The healthcare services delivery sector comprising big organised hospitals like Apollo, Wockhardt, Escorts, Lilavati and Hinduja has been on a growth path.
As medical tourism gains ground, revenues from foreign patients, which account for 10-15 per cent of the total, are expected to contribute a significant chunk going forward.
Apollo Hospitals, a leading player in the sector, saw a consolidated turnover growth of 16.5 per cent of Rs 770 crore (Rs 7.70 billion) for FY06 and a net profit growth of 35 per cent to Rs 47 crore (Rs 470 million). The turnover has grown by 67 per cent over the past three years, while the net profit has climbed up by over 145 per cent.
In Q1 FY07, the company posted a 30 per cent y-o-y growth in turnover and a 23.6 per cent growth in net profit. Apollo's stock price has appreciated by over eight per cent over the past month.
Analysts clearly see medical tourism as one of the drivers for the health care service sector, with patients enjoying about 60 per cent savings in treatment costs in India as compared to their home country.
Other major factors driving the sector include networking and value added services, attempts to expand geographical reach and lifestyle diseases associated with the current urban lifestyle. On trailing 12 months earnings, the stock trades at 34.9x, while according to analysts' estimates, it trades at 16.1x on FY07E earnings.
Suneeta Reddy, executive director-finance, Apollo Hospitals Group talks to The Smart Investor about growth strategies.
What growth do you foresee in the health care sector in India, across different segments, in the coming five years?
The healthcare services delivery sector is in its infancy stage with rapid growth potential. Sector growth will clearly outstrip GDP growth by a few percentage points. The latent healthcare demands are unmet due to lack of third-party payers like insurance companies.

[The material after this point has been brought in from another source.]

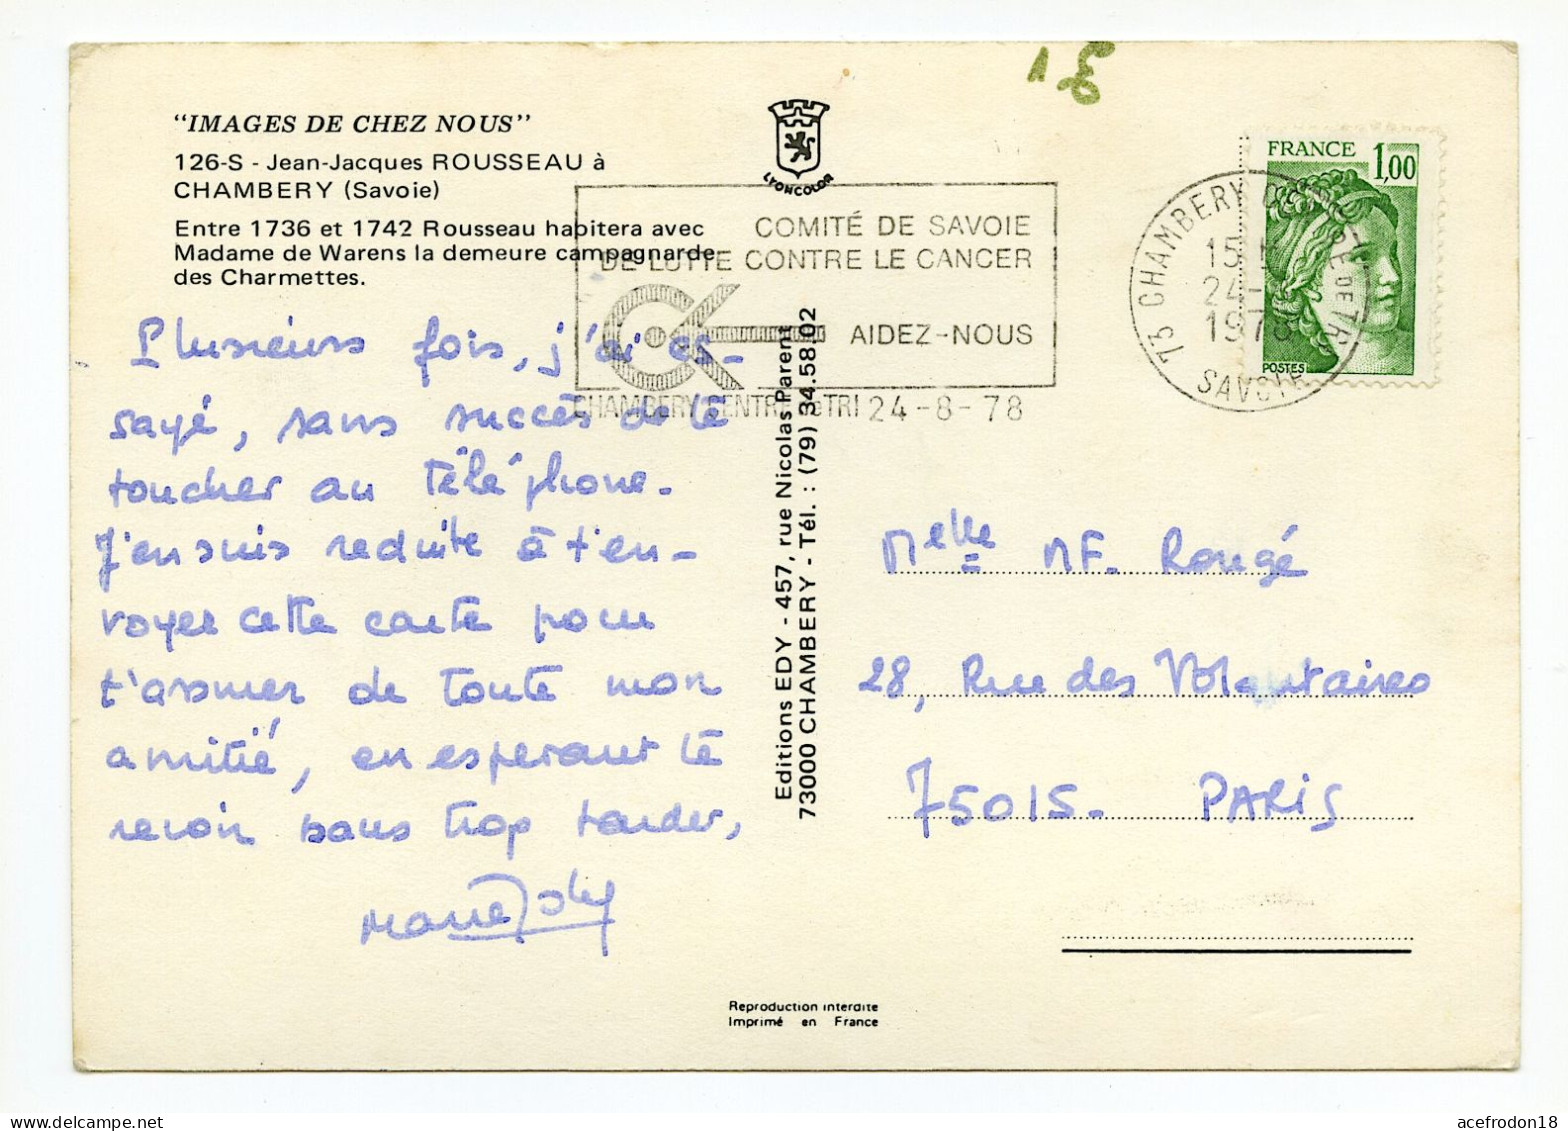 Jean-Jacques ROUSSEAU à CHAMBERY - Chambery
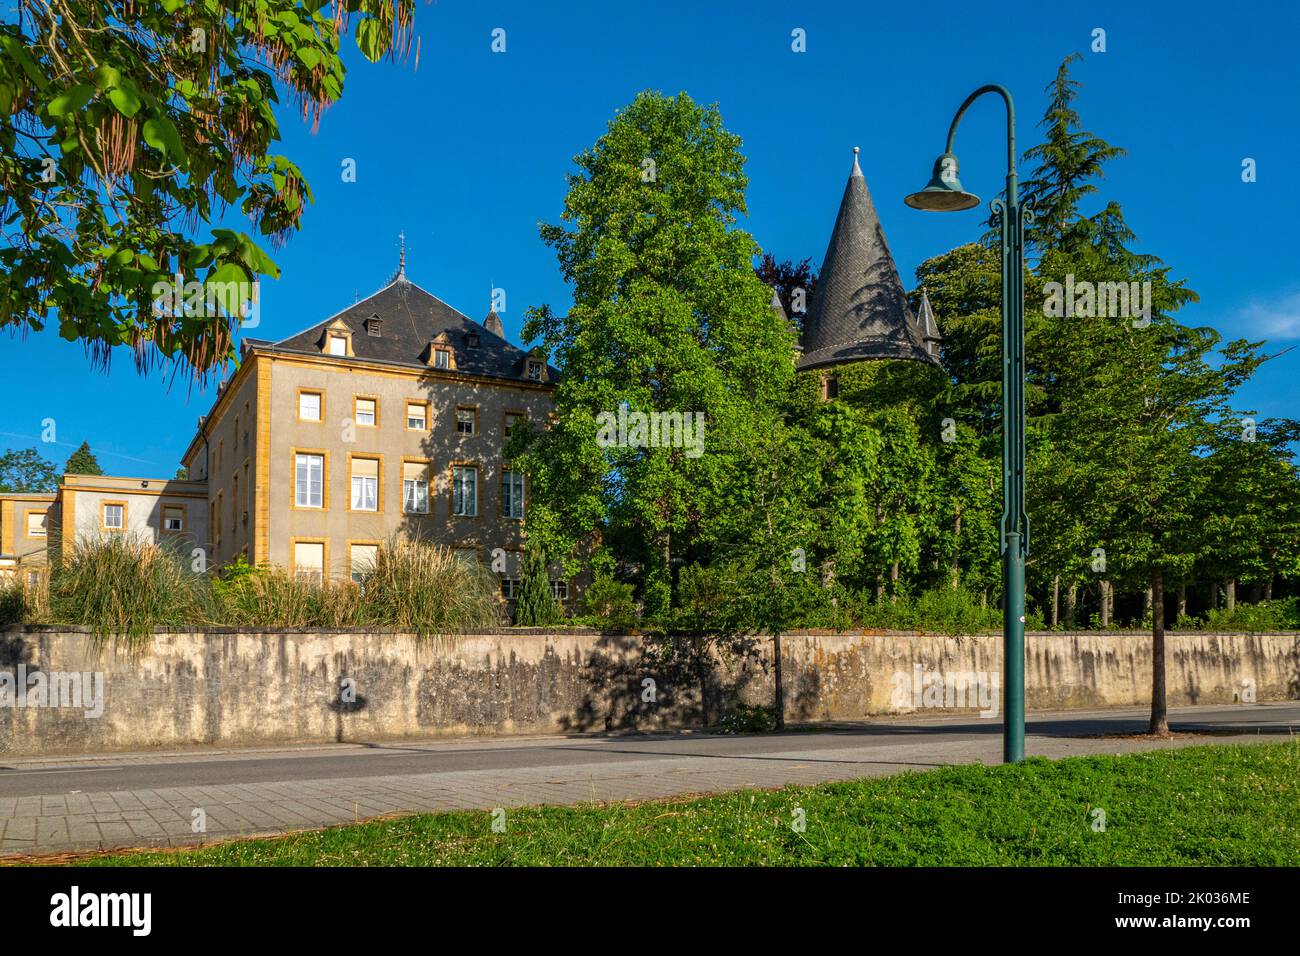 Château de Schengen, Schengen, Benelux, pays du Benelux, canton de Remich, Luxembourg Banque D'Images

This penetration is a meagre 2 per cent or thereabouts. If the health insurance penetrates to about 10 per cent or so, there would be a releasing of "capacity to pay" constraint, which should unleash the huge pent up demand. Indian citizens today have no access infrastructure, which has to be built up and precede physical infrastructure.
How much do foreign patients contribute to your total revenues? What growth do you expect in the same?
Our foreign patients in volume and value contribute to just under 10 per cent today. We expect demand to be robust in this segment.
The drivers for such growth are a huge waiting list in developed countries, large under-insured or non-insured population and the opportunity for at least 10 major low risk tradable medical procedures as described by WHO authors (who have indicated the figure at $2 billion that can come to India).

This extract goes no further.